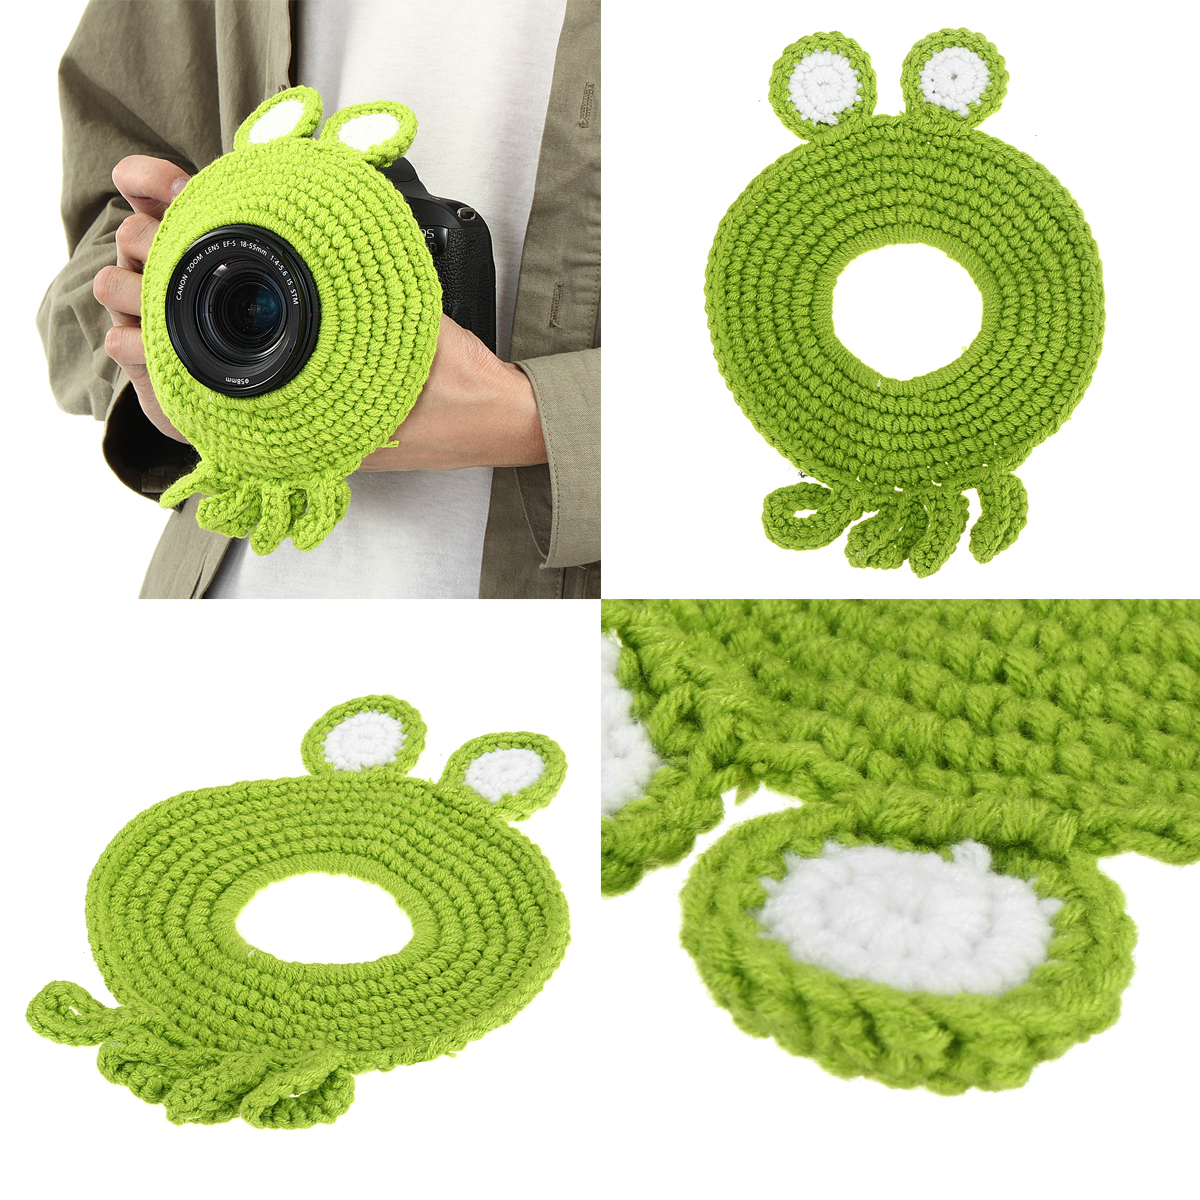 Hand-knitted-Wool-Decor-Case-For-Camera-Lens-Decorative-Photo-Guide-Doll-Toys-For-Kids-1457648-6
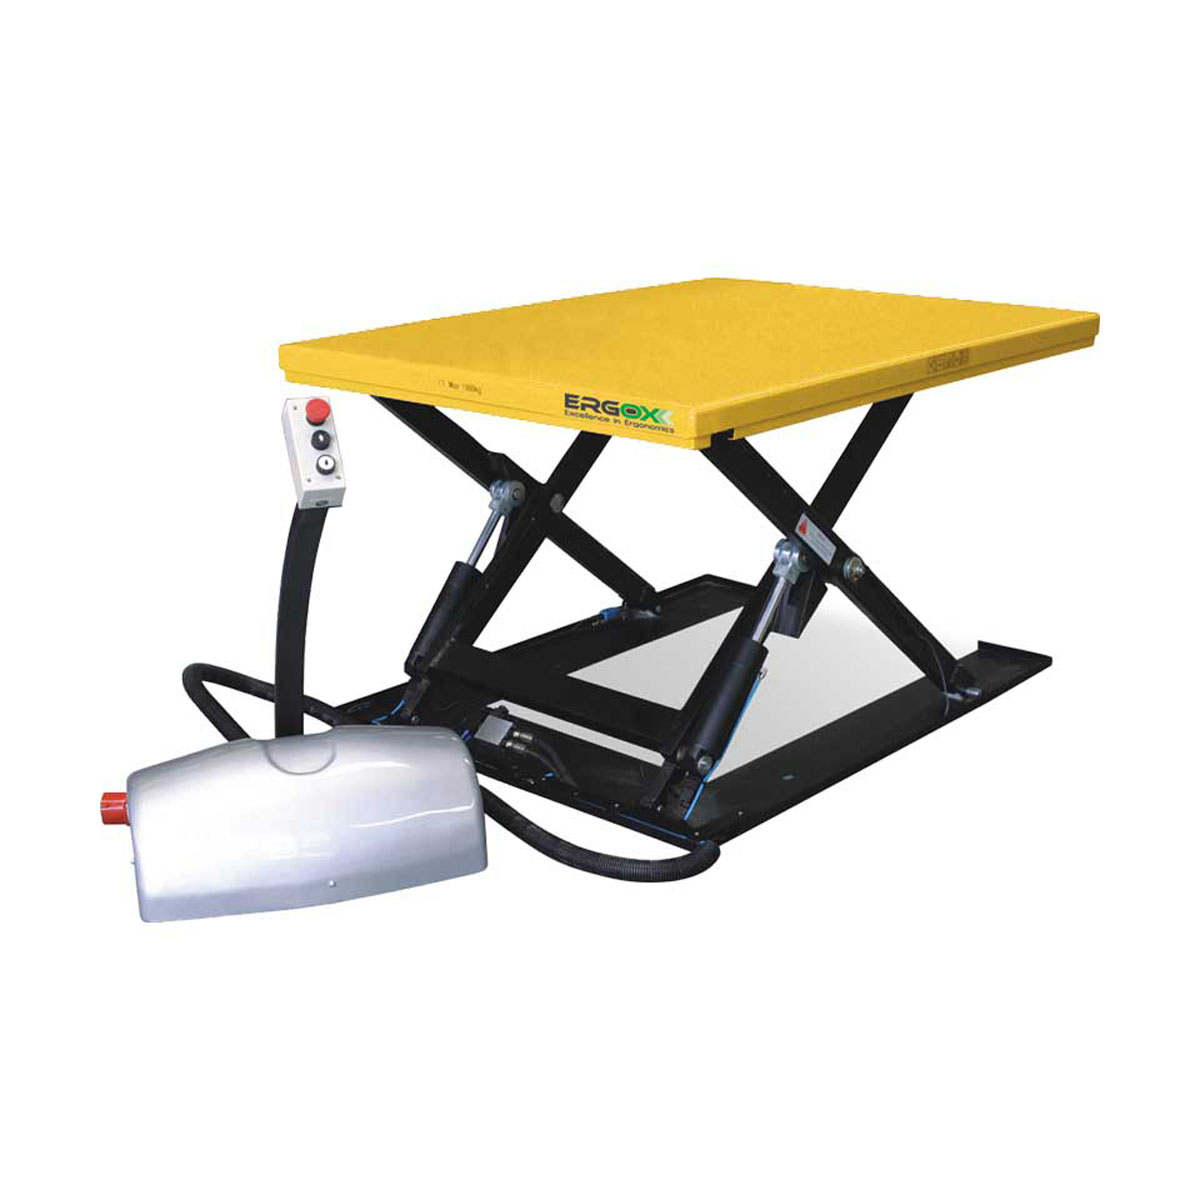 Buy Scissor Lift Table Low Entry-Level (Electric) in Scissor Lift Tables from Astrolift NZ
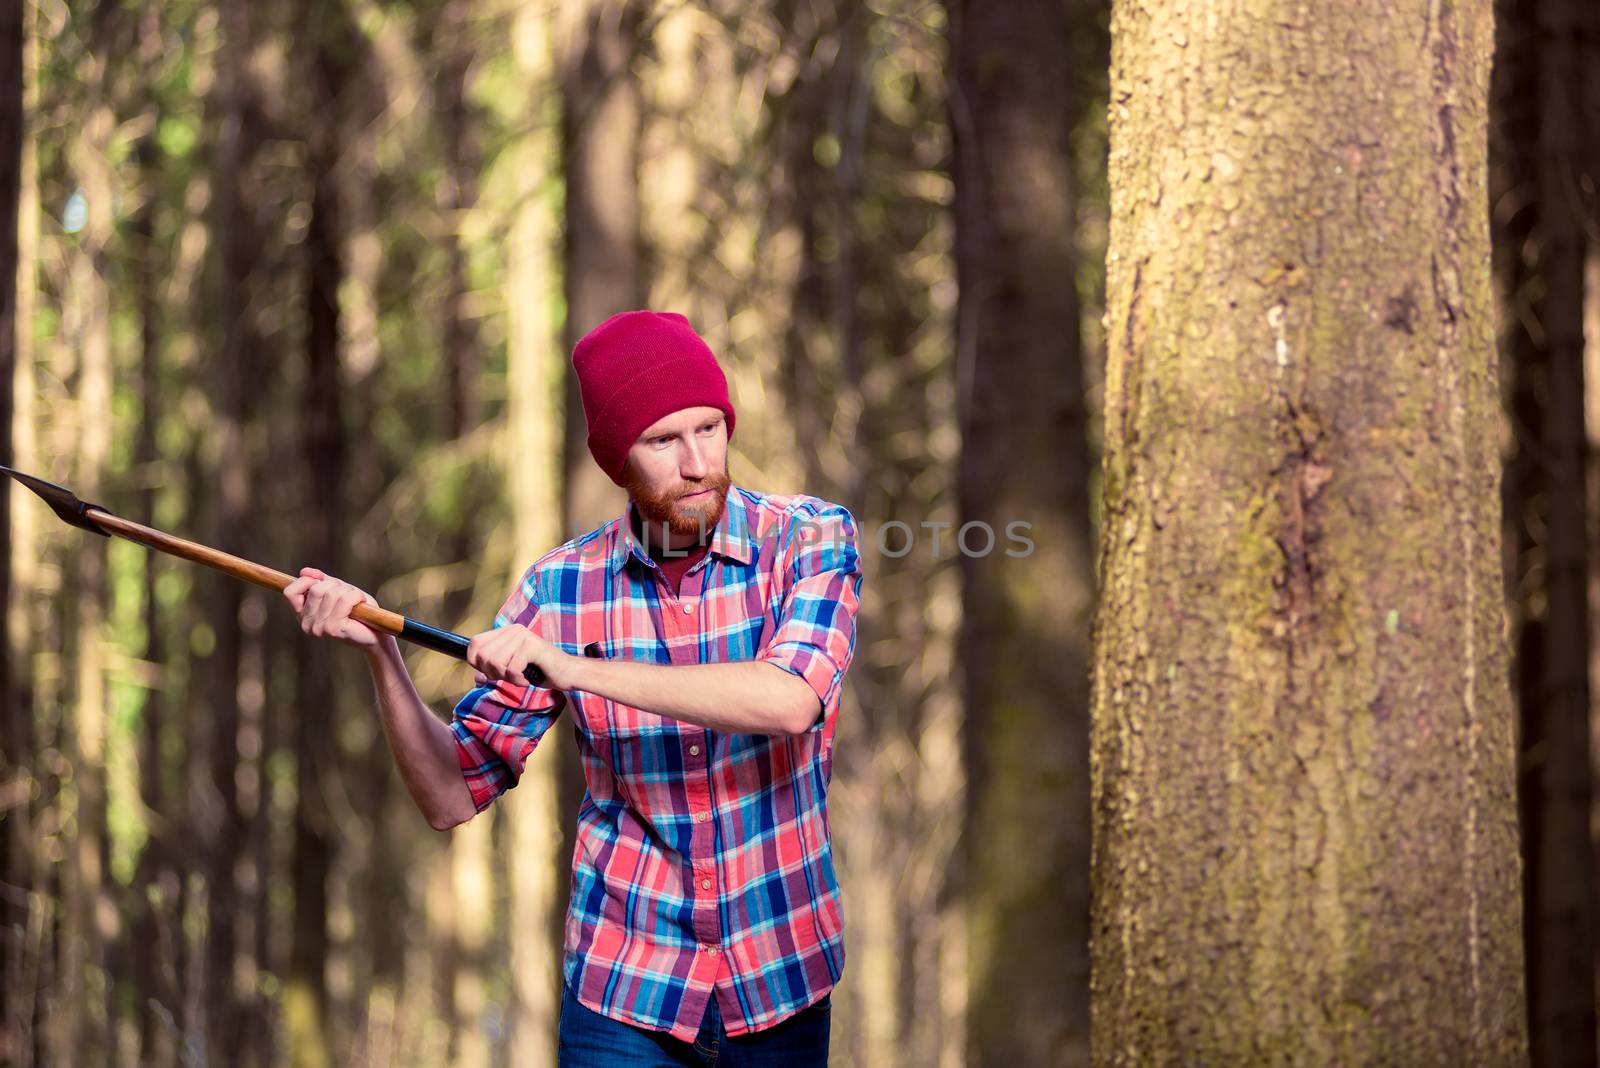 the lumberjack swung his ax to cut a tree into the forest

::::::::::

## WHAT YOU HAVE TO DO:
Without including any image, reproduce the full listing above as written.

## WRITTEN RESPONSE:
 Hand-knitted-Wool-Decor-Case-For-Camera-Lens-Decorative-Photo-Guide-Doll-Toys-For-Kids-1457648-6
 Buy Scissor Lift Table Low Entry-Level (Electric) in Scissor Lift Tables from Astrolift NZ
 the lumberjack swung his ax to cut a tree into the forest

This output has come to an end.